Data excerpt:
%%
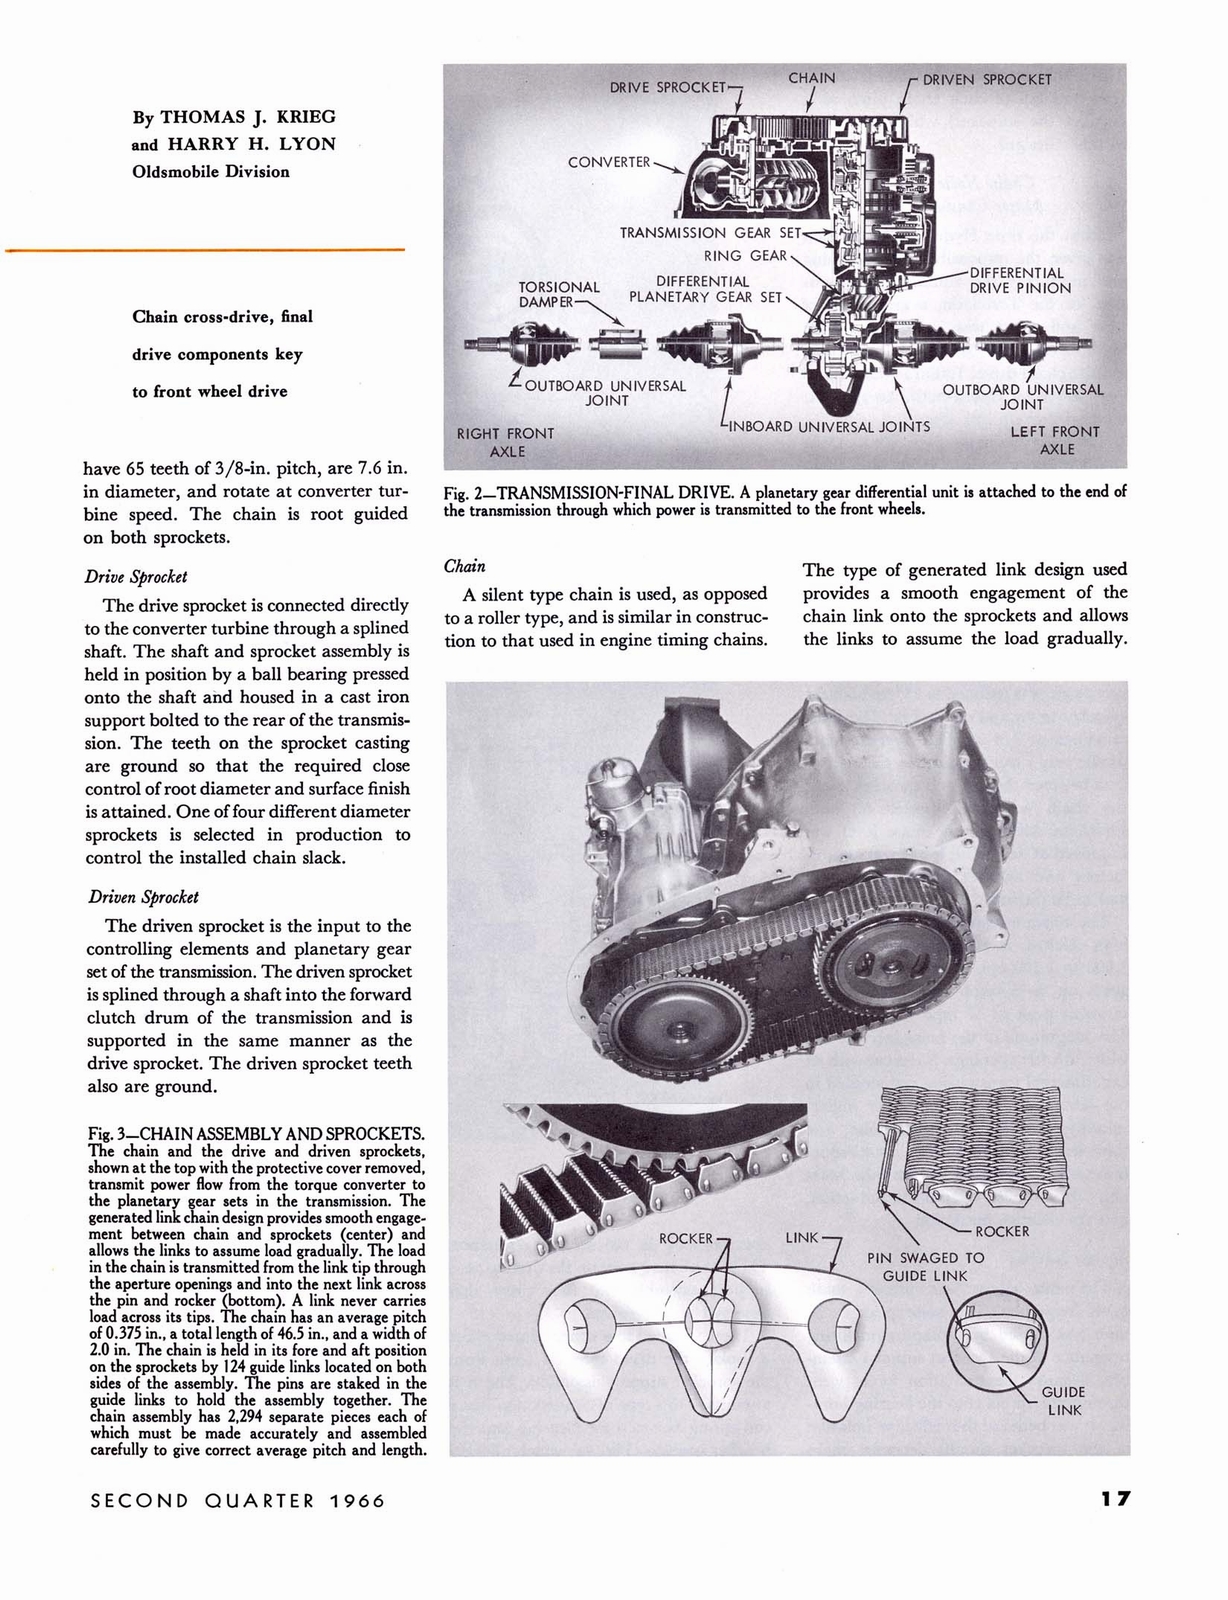 n_1966 GM Eng Journal Qtr2-17.jpg
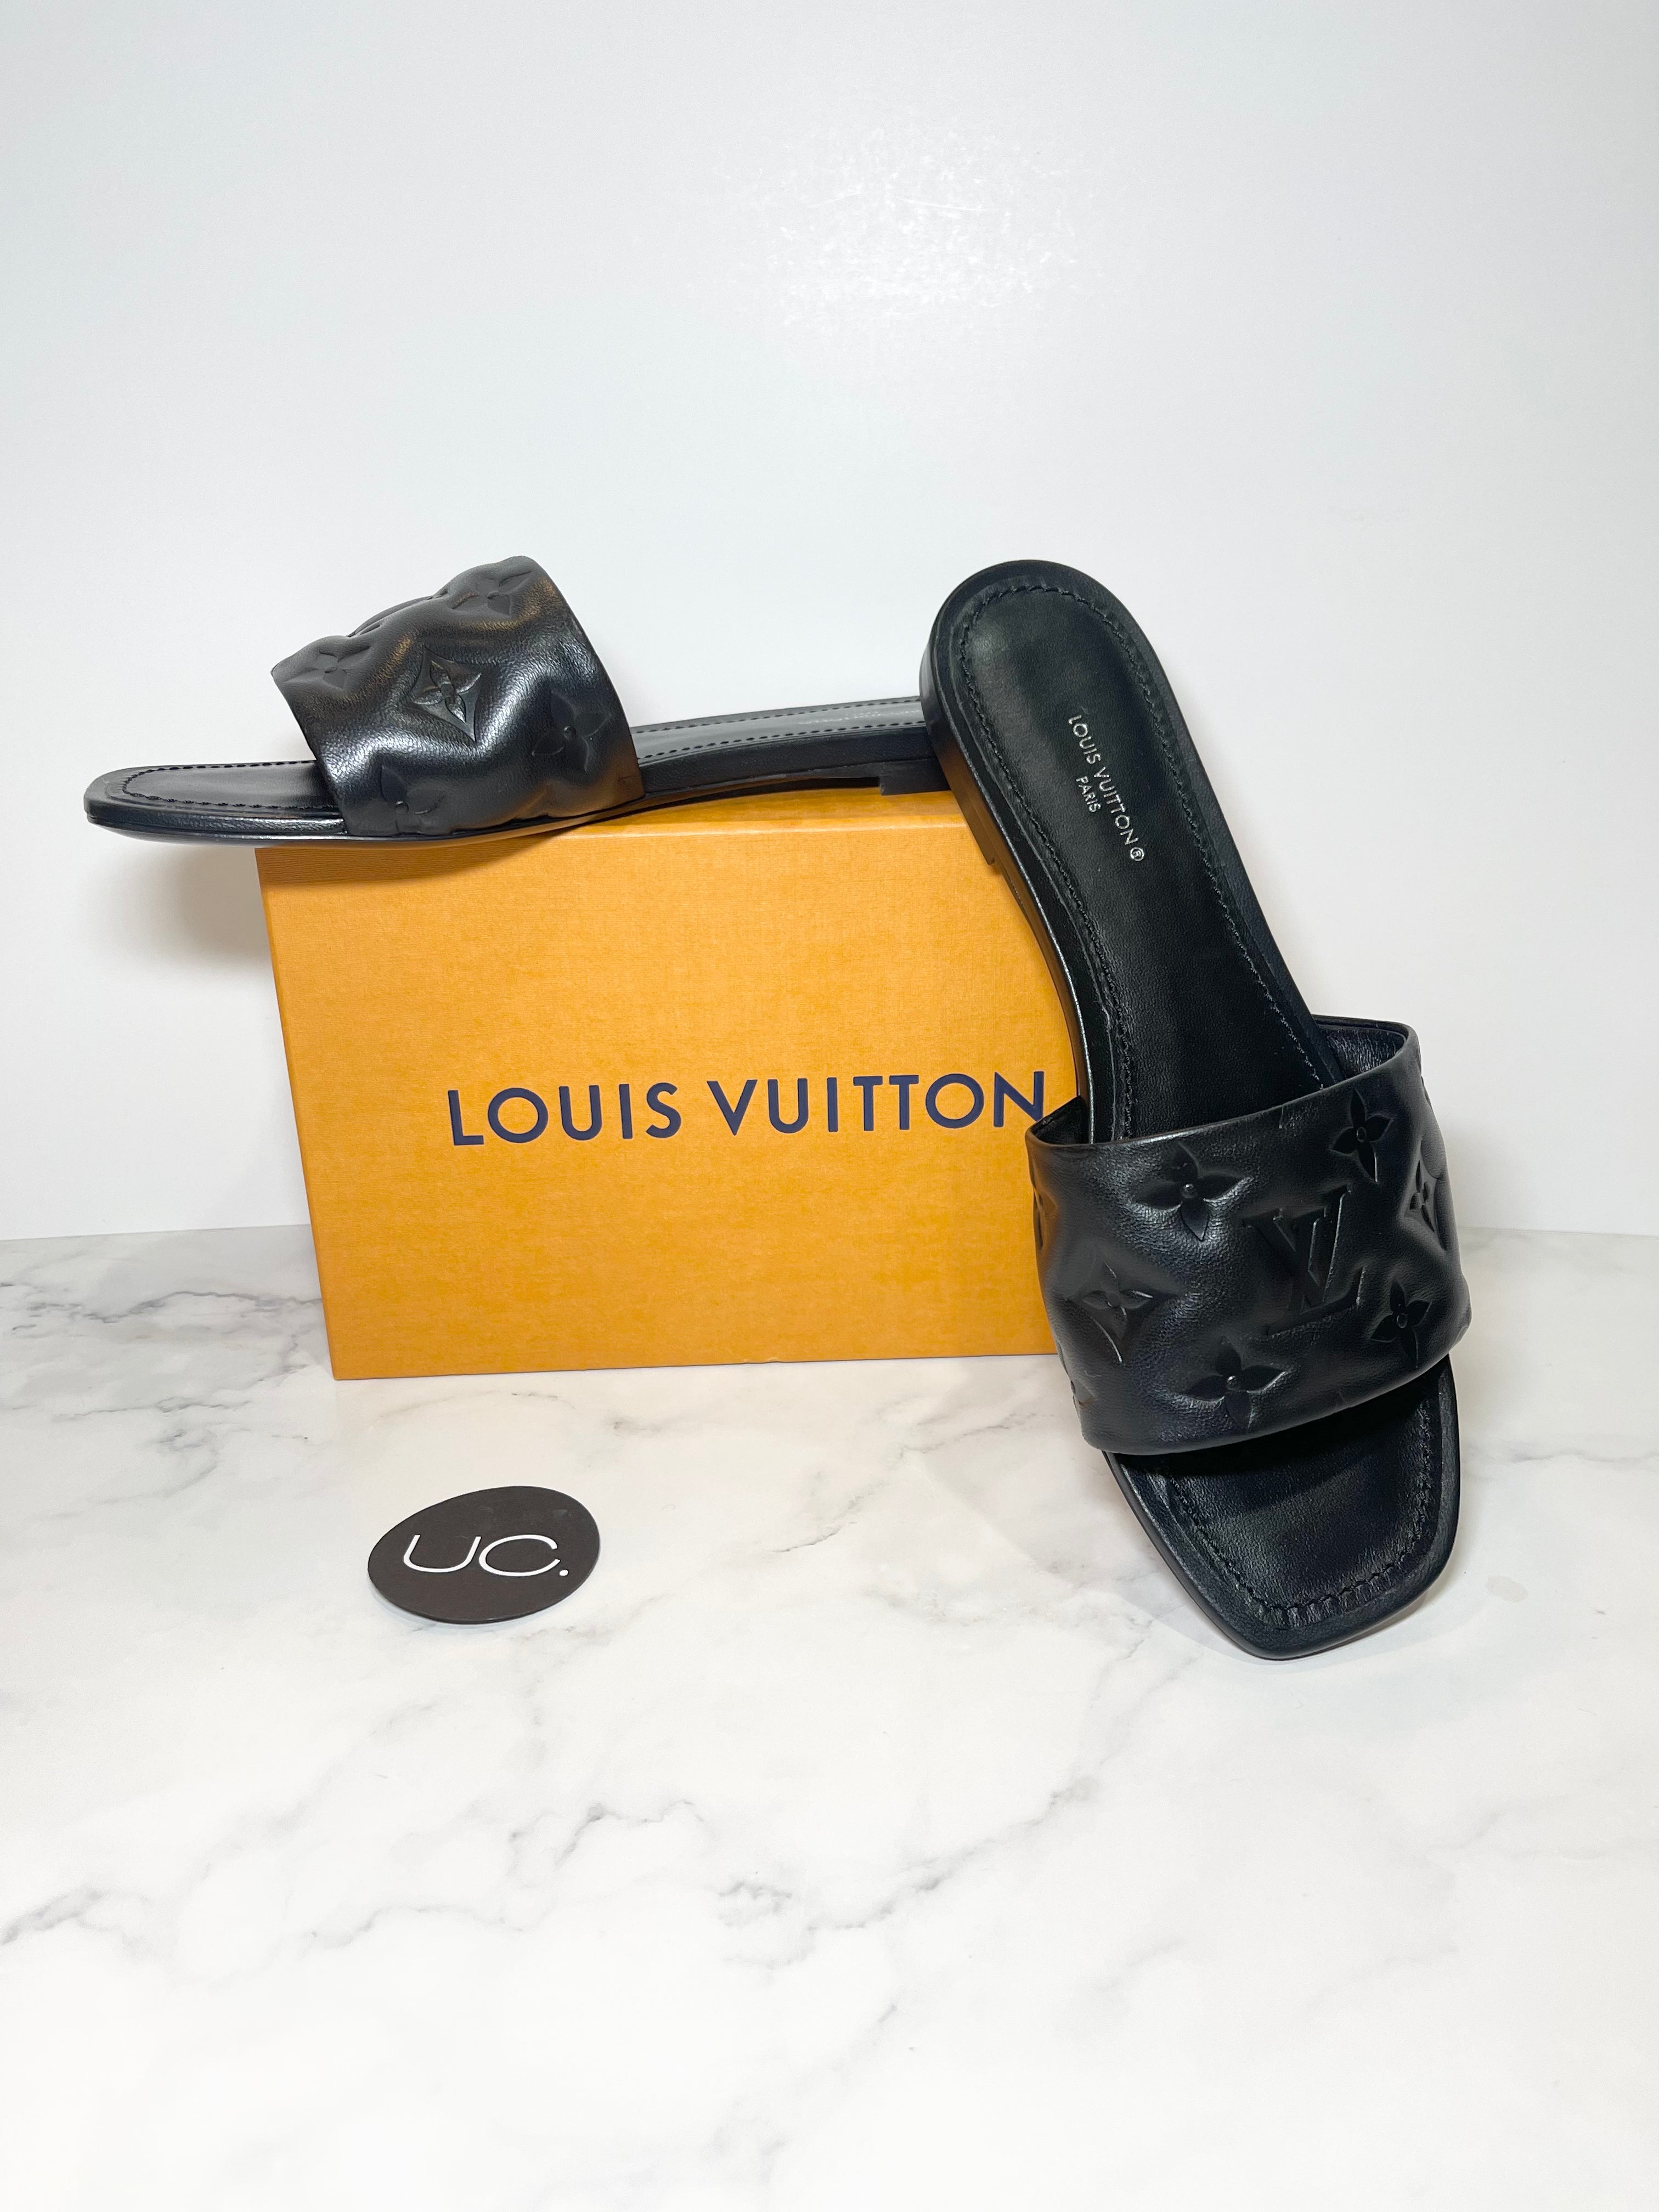 Louis Vuitton Revival Flat Mule
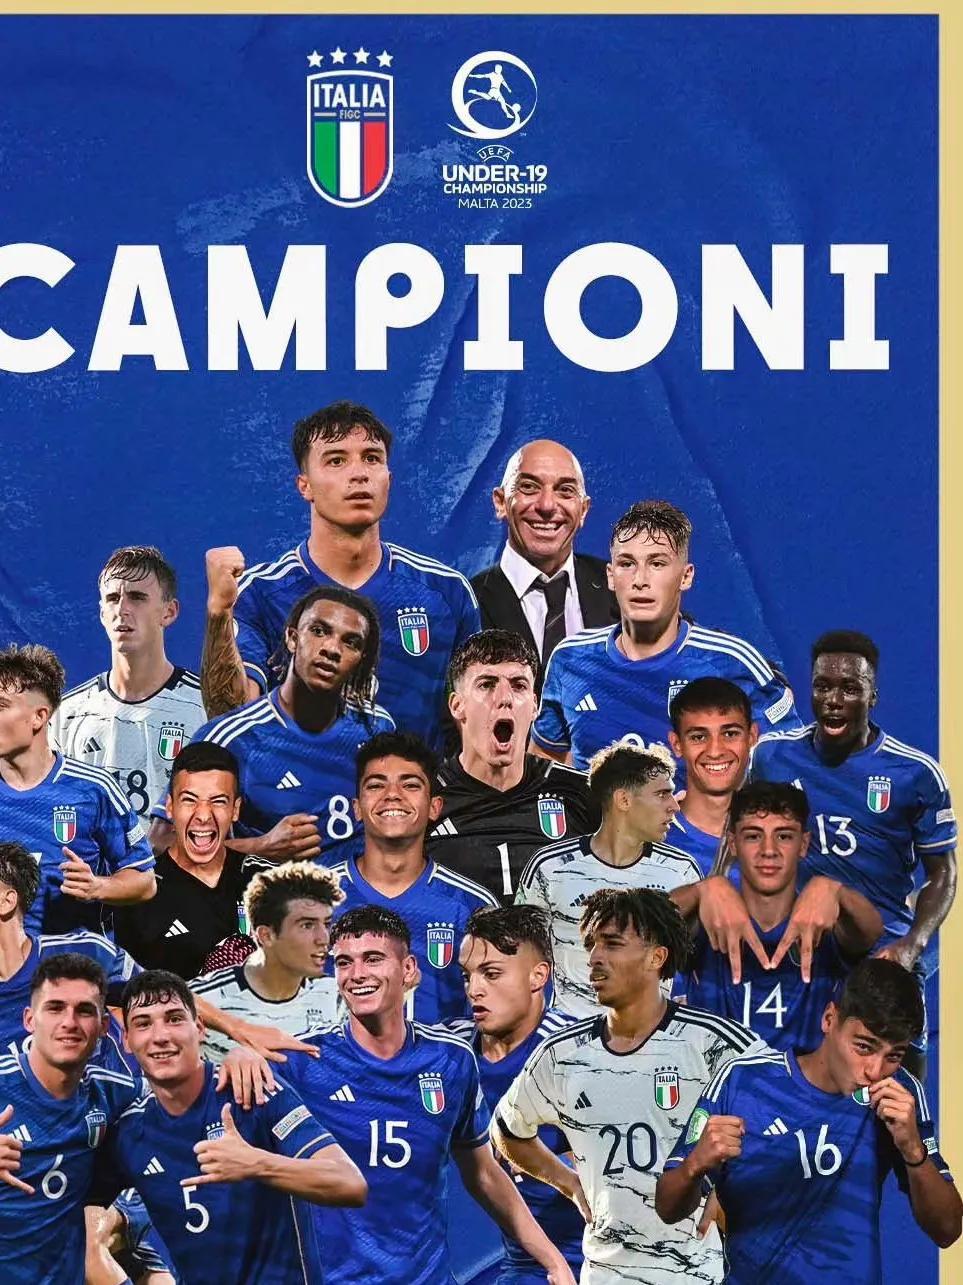 欧洲冠军，意大利队U19决赛中压倒性优势战胜葡萄牙队，让人眼前一亮，精神为之一振
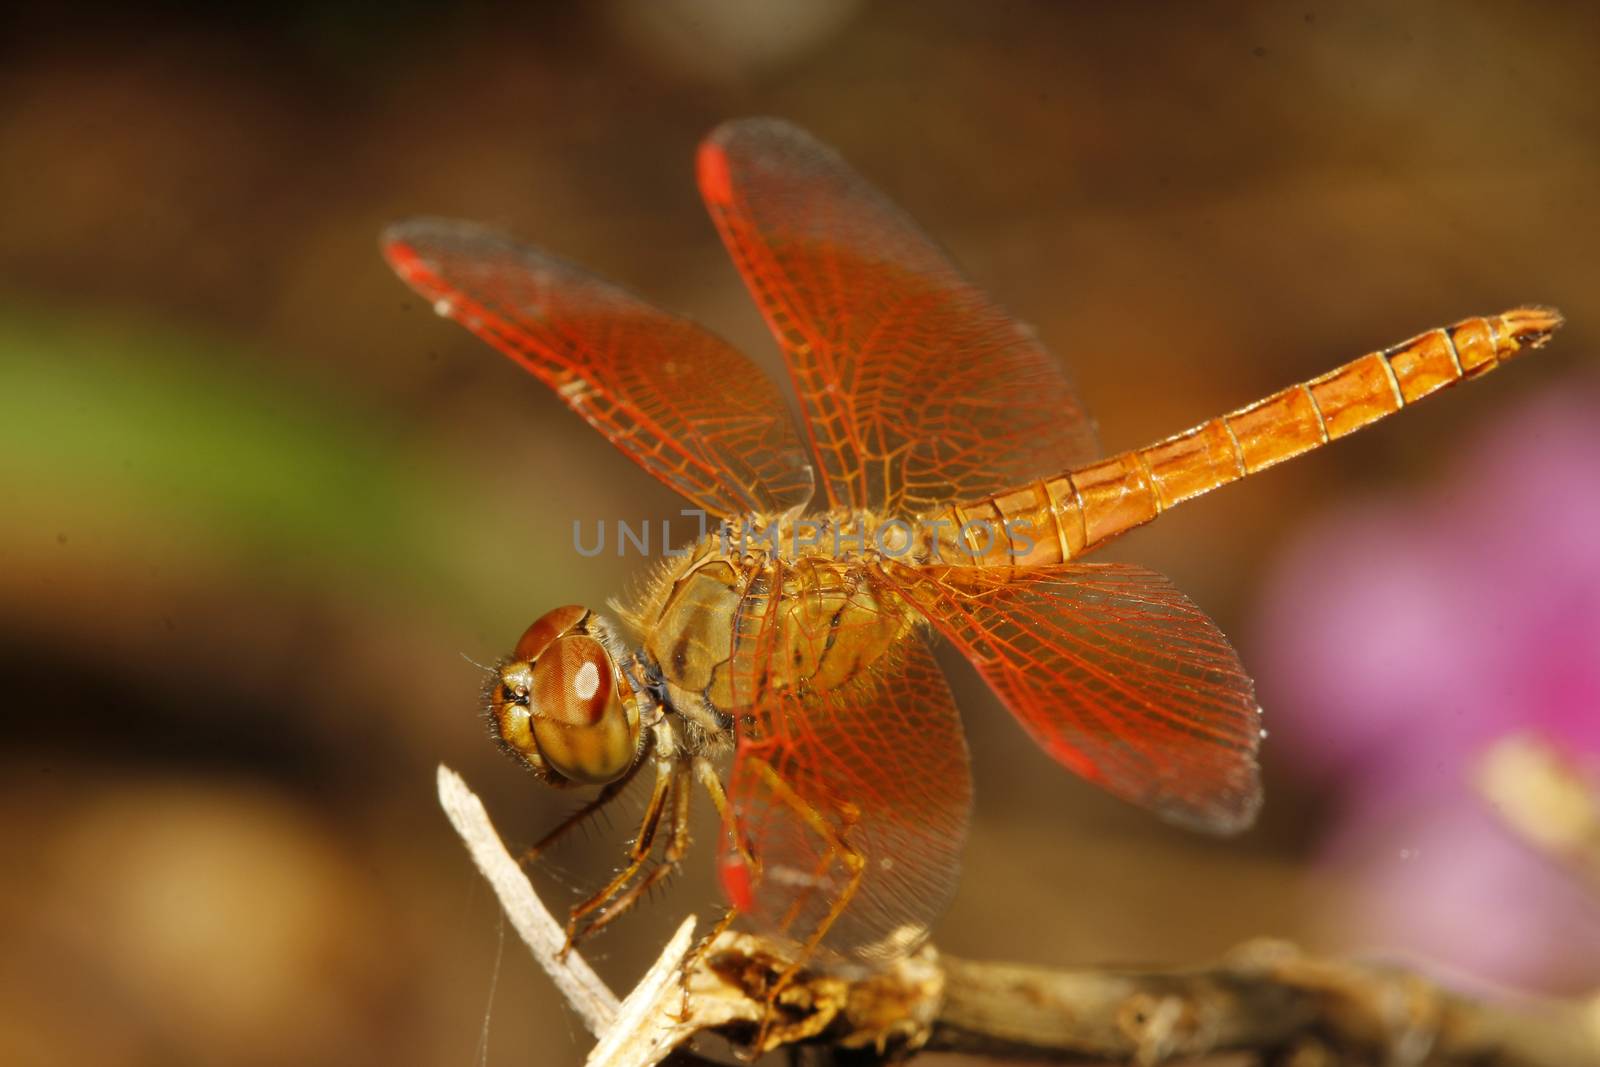 close up orange dragonfly in garden thailand
%%
Task to carry out: Omitting all pictures, set the listing down exactly.

Result of the exercise:
 n_1966 GM Eng Journal Qtr2-17.jpg
 Louis Vuitton Revival Flat Mule
 欧洲冠军，意大利队U19决赛中压倒性优势战胜葡萄牙队，让人眼前一亮，精神为之一振
 close up orange dragonfly in garden thailand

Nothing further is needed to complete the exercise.